[ci] Stop billing tags from overriding advanced_instance_config fields#63296
Conversation
In the new-schema branch of _annotate_cluster_compute, also tagging head_node.advanced_instance_config and worker_nodes[*].advanced_instance_config caused Anyscale to use the per-group spec (TagSpecifications-only) at instance launch and silently drop the cluster-level IamInstanceProfile and other fields, since the per-group spec replaces (not merges with) the base spec. Matches the legacy branch's behavior of only annotating the top-level spec. Signed-off-by: sai.miduthuri <sai.miduthuri@anyscale.com> Co-Authored-By: Claude Opus 4.7 (1M context) <noreply@anthropic.com> Signed-off-by: sai.miduthuri <sai.miduthuri@anyscale.com>
There was a problem hiding this comment.
Code Review
This pull request modifies the cluster manager to only annotate the top-level advanced_instance_config with billing tags, preventing Anyscale from overriding cluster-level configurations when per-group specifications are present. Corresponding tests were updated to verify that node groups are no longer automatically annotated. A review comment suggests that the code should still annotate advanced_instance_config if it is explicitly provided by the user for specific node groups to ensure billing tags are not lost in those instances.
When the user supplies head_node.advanced_instance_config or worker_nodes[*].advanced_instance_config, Anyscale replaces (does not merge with) the cluster-level base spec, so the per-group spec must carry the billing tags itself. Auto-creation of per-group specs is still avoided. Addresses #63296 (comment) Signed-off-by: sai.miduthuri <sai.miduthuri@anyscale.com> Co-Authored-By: Claude Opus 4.7 (1M context) <noreply@anthropic.com> Signed-off-by: sai.miduthuri <sai.miduthuri@anyscale.com>
Refines the new-schema annotation rules so billing tags land exactly
where the effective advanced_instance_config is used:
- No advanced_instance_config anywhere -> tag base only.

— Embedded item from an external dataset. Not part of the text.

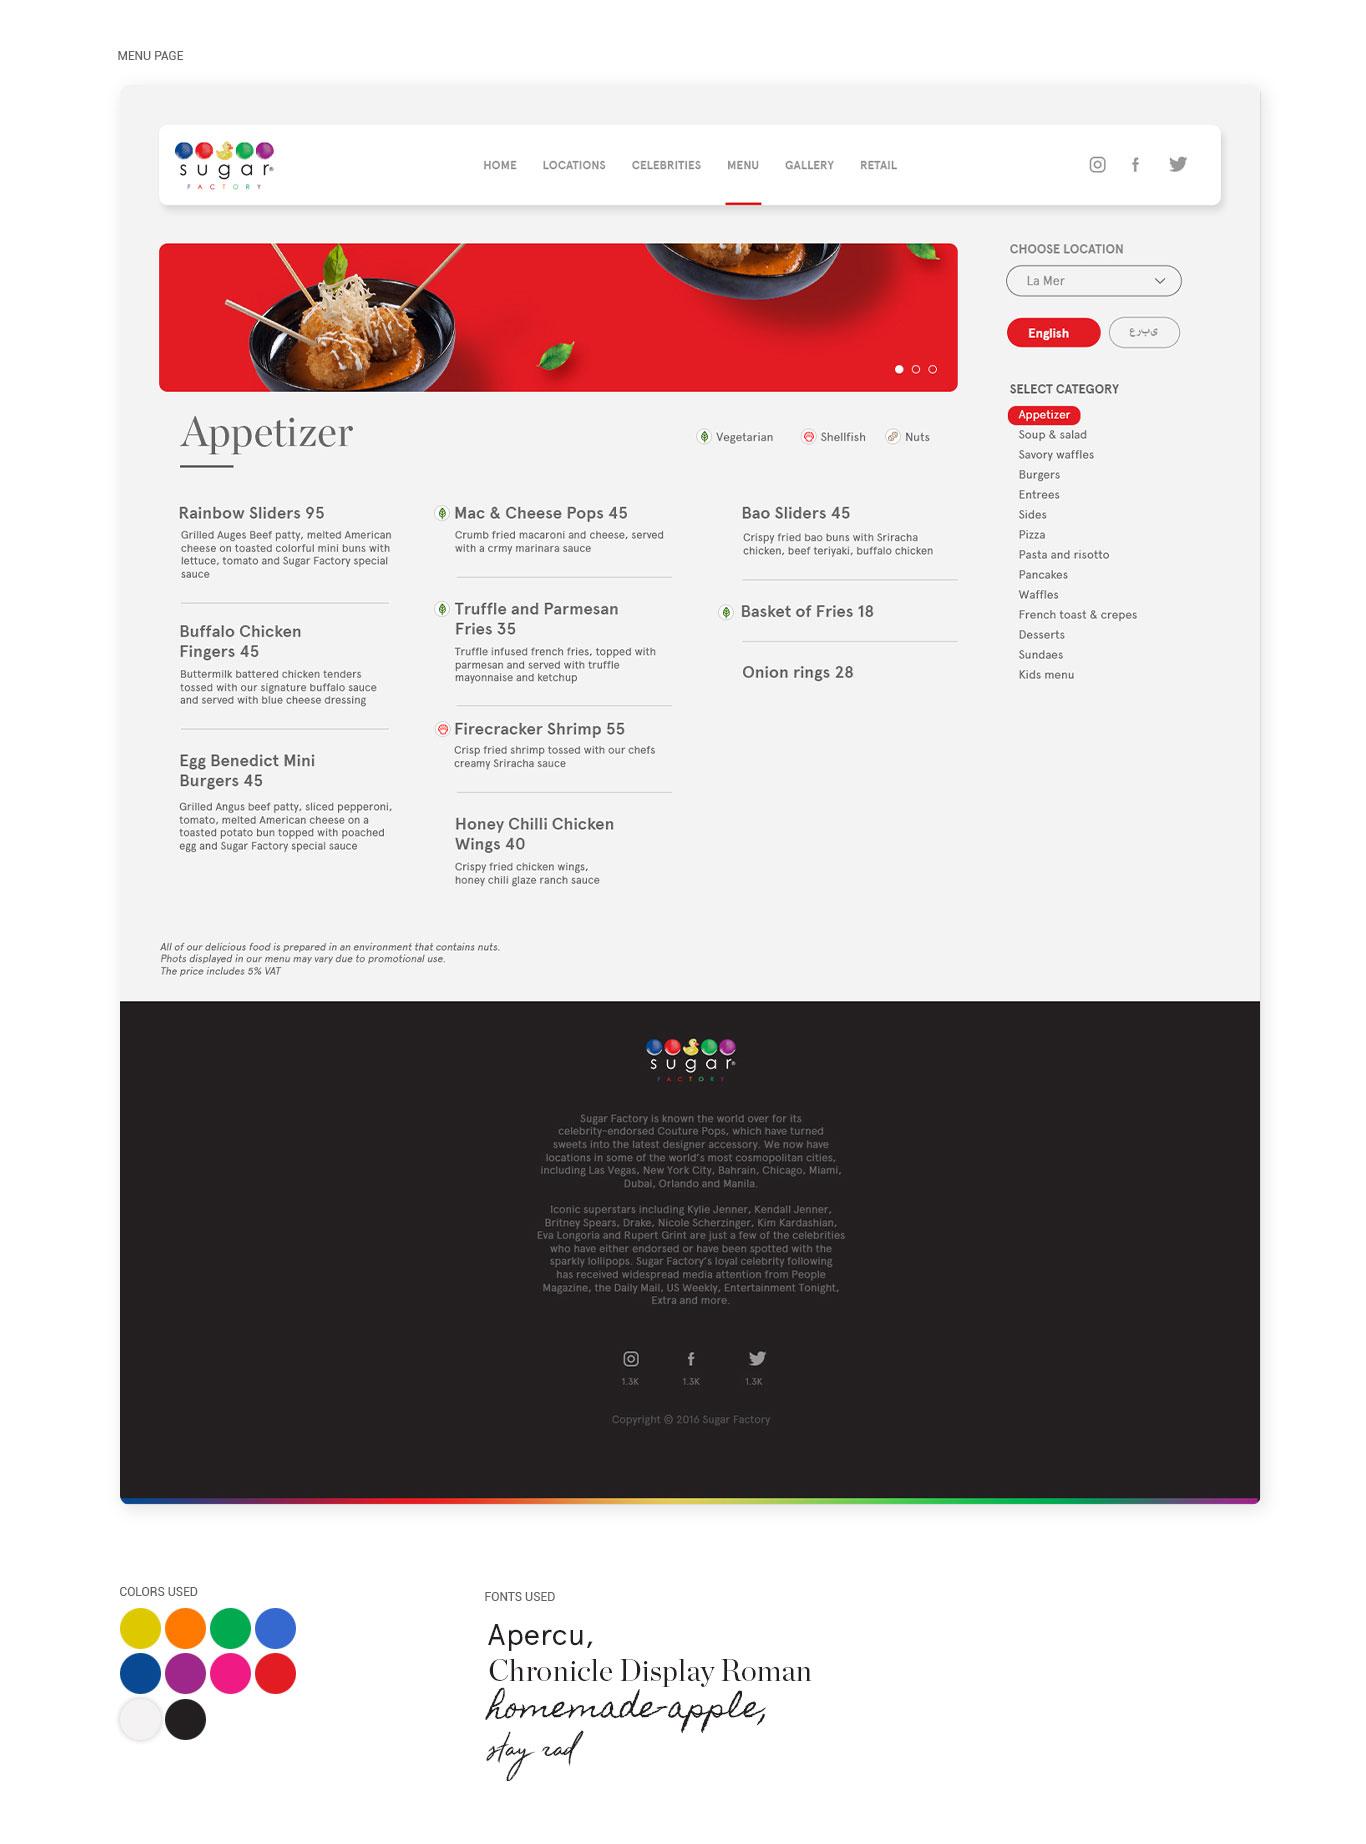 Jucied-Burger-Branding

- Base only -> tag base only.
- Per-group only (head and/or workers, no base) -> tag per-group
only; do NOT auto-create a base spec.
- Base AND per-group -> tag everywhere.
Adds test coverage for head-only per-group, worker-only per-group,
base+per-group, and the non-AWS early-return.

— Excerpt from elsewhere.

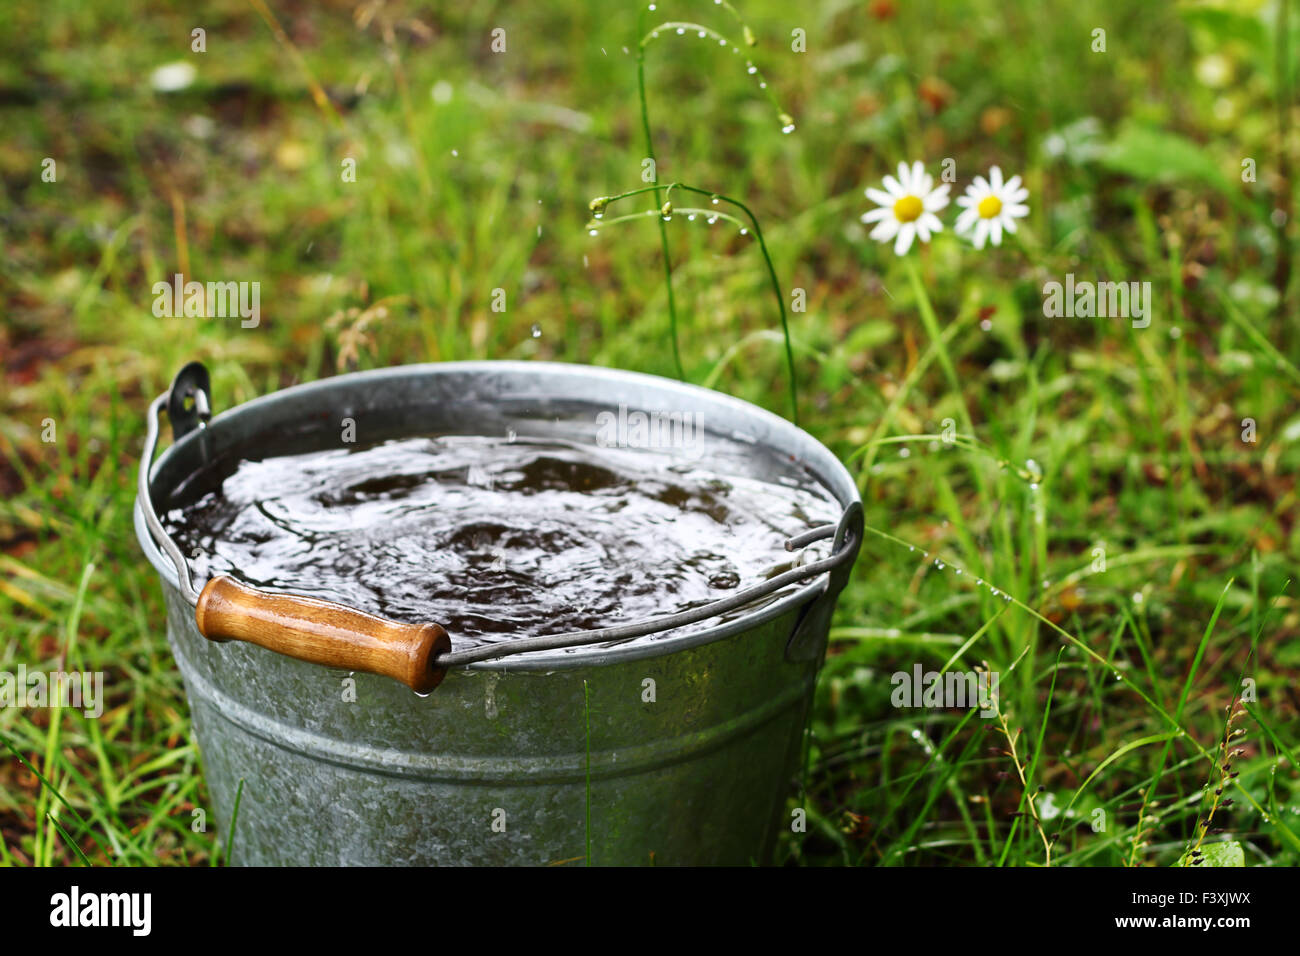 Summer rain - Stock Image

Signed-off-by: sai.miduthuri <sai.miduthuri@anyscale.com>
Co-Authored-By: Claude Opus 4.7 (1M context) <noreply@anthropic.com>
Signed-off-by: sai.miduthuri <sai.miduthuri@anyscale.com>
- Coerce missing/null head_node to {} and worker_nodes to [] in the
same way, so the downstream membership/iteration code doesn't need
to special-case either. The per-worker isinstance(w, dict) guard is
retained to defend against malformed individual entries.
- Add a dedicated testClusterComputeNewSchemaNoAic so the "no
advanced_instance_config anywhere" row of the spec is visible
alongside the other per-row test methods.
Signed-off-by: sai.miduthuri <sai.miduthuri@anyscale.com>
Co-Authored-By: Claude Opus 4.7 (1M context) <noreply@anthropic.com>
Signed-off-by: sai.miduthuri <sai.miduthuri@anyscale.com>
| RELEASE_AWS_RESOURCE_TYPES_TO_TRACK_FOR_BILLING, | ||
| ) | ||
| for worker in workers: | ||
| if isinstance(worker, dict) and "advanced_instance_config" in worker: |
There was a problem hiding this comment.
should we throw an error here if the worker isn't a dict? not sure if we have cluster validation before this
There was a problem hiding this comment.
We do have cluster validation as a separate step when the compute-configs are loaded into memory for each each test through the test-collection:
ray/release/ray_release/scripts/run_release_test.py
Lines 92 to 95 in 2d9c453
ray/release/ray_release/config.py
Lines 108 to 112 in 2d9c453
ray/release/ray_release/config.py
Line 269 in 2d9c453
ray/release/ray_release/config.py
Lines 328 to 330 in 2d9c453
ray/release/ray_release/config.py
Line 333 in 2d9c453
We implicitly ensure that the cluster_compute["head_node"] and cluster_compute["worker_nodes"] are of dict type if they are present in the compute-config.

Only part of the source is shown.